Hillel (-70 ; 10) reformulait ainsi ce précepte : « Ce que tu détestes pour toi, ne le fais pas à autrui. » Mille huit cents ans plus tard, Emmanuel Kant préconisait d’agir « comme si la maxime de ton action pouvait être érigée par ta volonté en loi universelle de la nature » [14], autrement dit, valable pour toutes et tous. Hillel argumente par la négative : « Ne fais pas à autrui… » ; Kant, livre une prescription : « Agis de telle sorte que ce soit universellement valable. » Dans un cas comme dans l’autre, cela revient à dire que tout être humain devrait traiter autrui comme il le souhaiterait pour lui-même.

De sorte qu’il est possible d’entendre ainsi ce verset du Lévitique : tu désireras pour celui qui t’est étranger – l’Autre – le même traitement que pour toi. C’est là un effort que tu devras t’imposer, sans doute moins éprouvant pour toi si tu as accepté de reconnaître que tu demeures un étranger pour toi-même, ce que sous-entend le verset. Ce pourquoi Emmanuel Levinas allait droit au but en le réduisant à une formule choc : « Tu aimeras ton prochain, c’est toi. »

Cela étant dit, s’impliquer dans une telle démarche est tout sauf simple. « S’étranger soi-même » représente, certes, le premier pas sur le chemin qui mène à la reconnaissance de soi, et donc de l’autre en soi, mais il n’est pas évident de l’emprunter, ni même d’en repérer l’accès. Ce pourquoi l’unité du genre humain n’apparaît pas d’emblée aux hommes, lesquels refusent de considérer qu’ils sont tous des étrangers.

Il reste que l’Autre commence dès que je m’envisage moi-même.


[2] Jean-Paul Sartre, Huis clos, Paris, Gallimard, 1945.

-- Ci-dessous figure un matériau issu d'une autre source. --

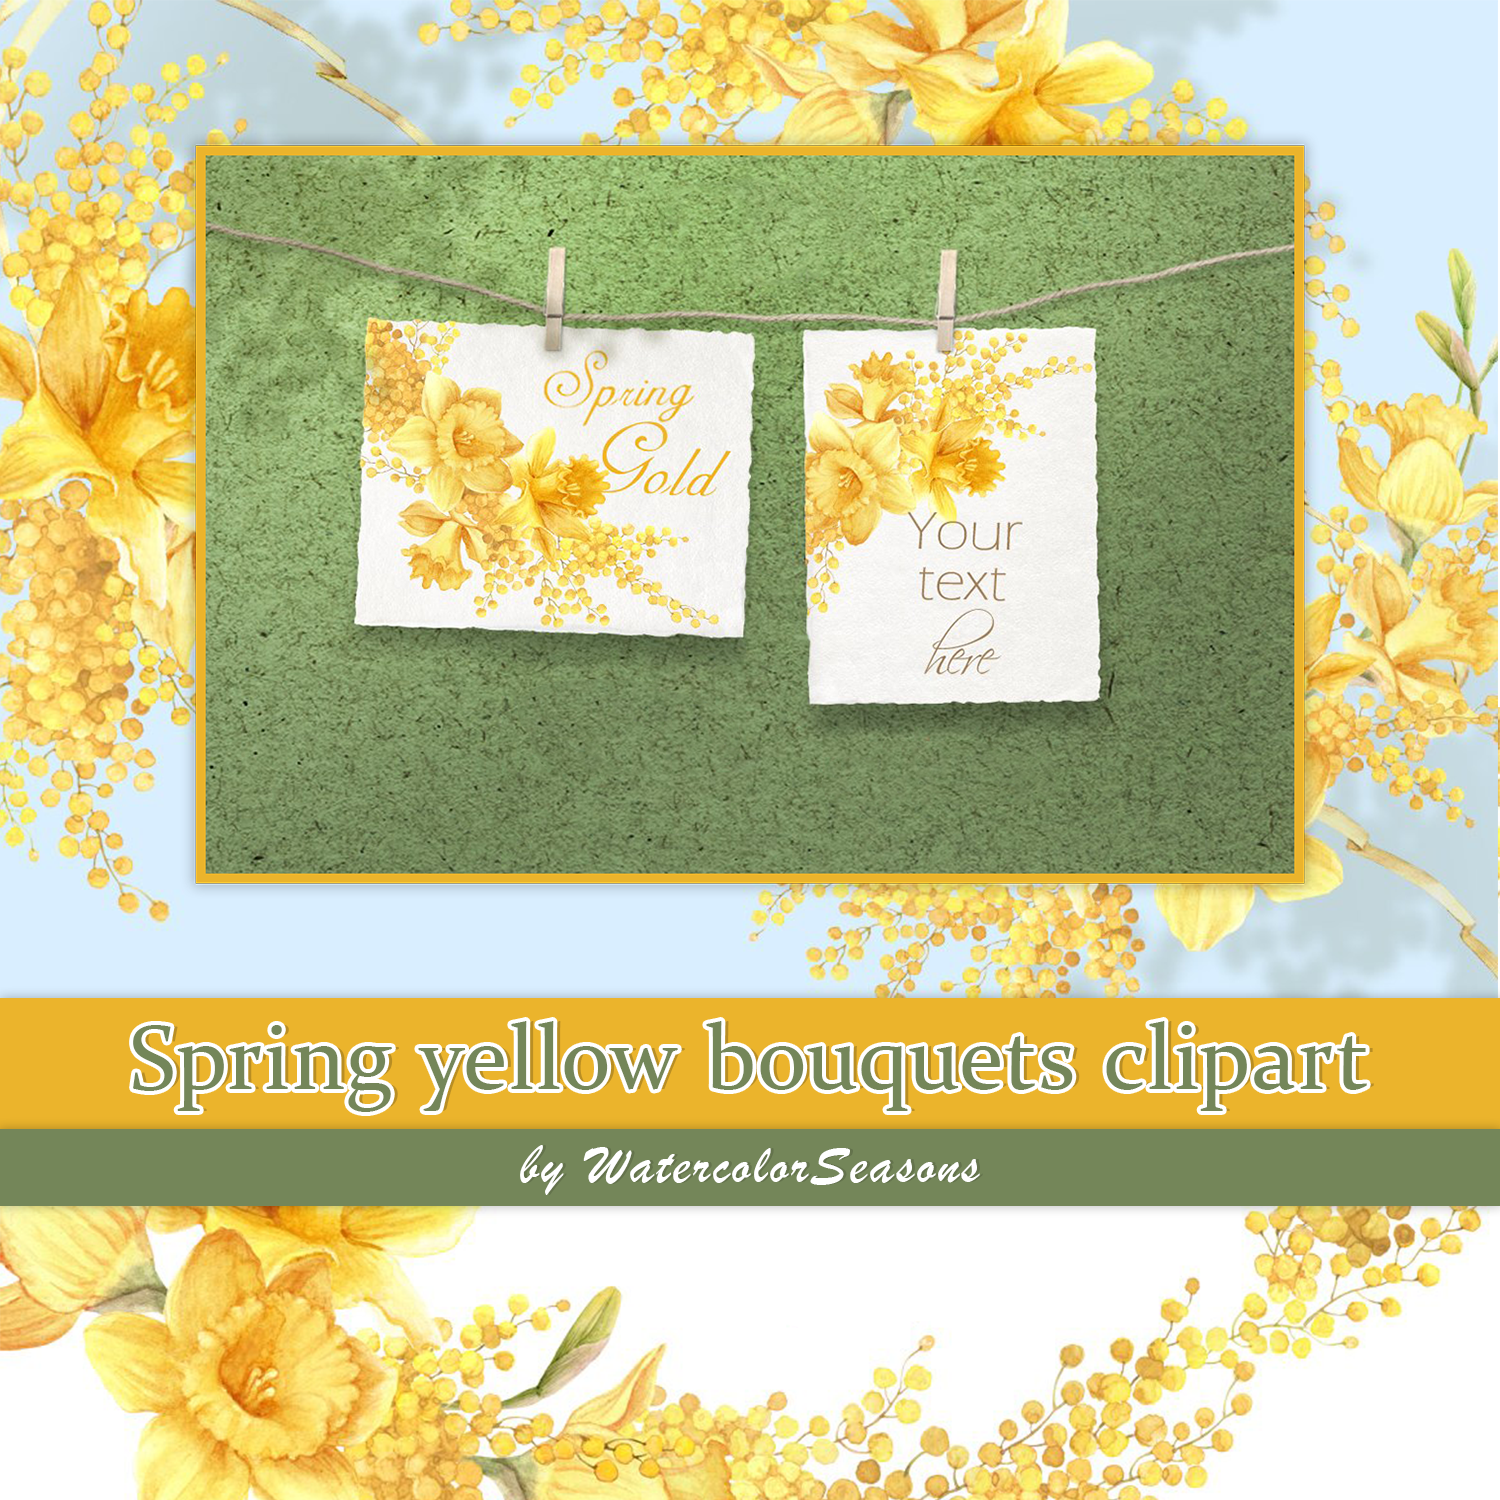 Prints of spring yellow bouquets clipart.

[3] Michel de Montaigne, « De l’inconstance de nos actions », Essais, liv. ii, chapitre 1, Le Livre de poche, 1965, p. 408.

[4] Pierre-Augustin Caron de Beaumarchais, La Folle Journée, ou le Mariage de Figaro, 1784, acte V, scène 3.

[5] Nadar, André Barret éditeur, Paris, 1975, p. 68

[6] Arthur Rimbaud, Lettre du voyant, à Paul Demeny, 15 mai 1871, Paris, Éditions des cahiers libres, 1929, p. 54.

[7] Franz Kafka, Journal, 8 janvier 1914, Cercle du livre précieux, Paris, 1964, p. 265.

[8] A titre d’exemple, quatre frères sont nés dans une famille anglaise au XVIe siècle, William, Edmund, Gilbert et Richard, mais le premier, seul, a marqué l’histoire de la littérature sous le nom de Shakespeare.

[9] A l’entrée « identité », le Grand Littré de 1873/1874 n’aborde l’être humain que pour le cinquième sens du mot, « la conscience qu’une personne a d’elle-même ».

[10] Invité à prononcer une conférence dans une grande salle mais devant un auditoire clairsemé, Orson Welles commença ainsi : « Je suis réalisateur de cinéma, metteur en scène de théâtre, acteur, j’ai publié un roman, je sais jouer du violon, je connais la magie… Comment se fait-il que je sois si nombreux et que vous soyez si peu ? »

[11] Charles Beaudelaire, « Sed non satiata », Les Fleurs du mal, Œuvres complètes, Paris, Gallimard, « Bibliothèque de la Pléiade », 1876. 1976.

[12] Lévitique, 19/18. En hébreu : וְאָהַבְתָּ לְרֵעֲךָ כָּמוֹךָ (Vé ahaveta léré’akha kamokha – le kh souligné se prononce en gros comme la jota espagnole).

[13] Le mot hébreu employé dans le verset (resh, ayin, celle-ci lettre gutturale muette, translittérée ‘) a deux sens opposés, selon qu’il est vocalisé ré’a (proche, compagnon, ami) ou ra’é (mauvais, méchant, adversaire). « Prochain » veut donc dire ici celui qui n’est pas a priori ton ami.

[14] Emmanuel Kant, Fondation de la métaphysique des mœurs, Paris, Flammarion, coll. GF, 2024, p. 97.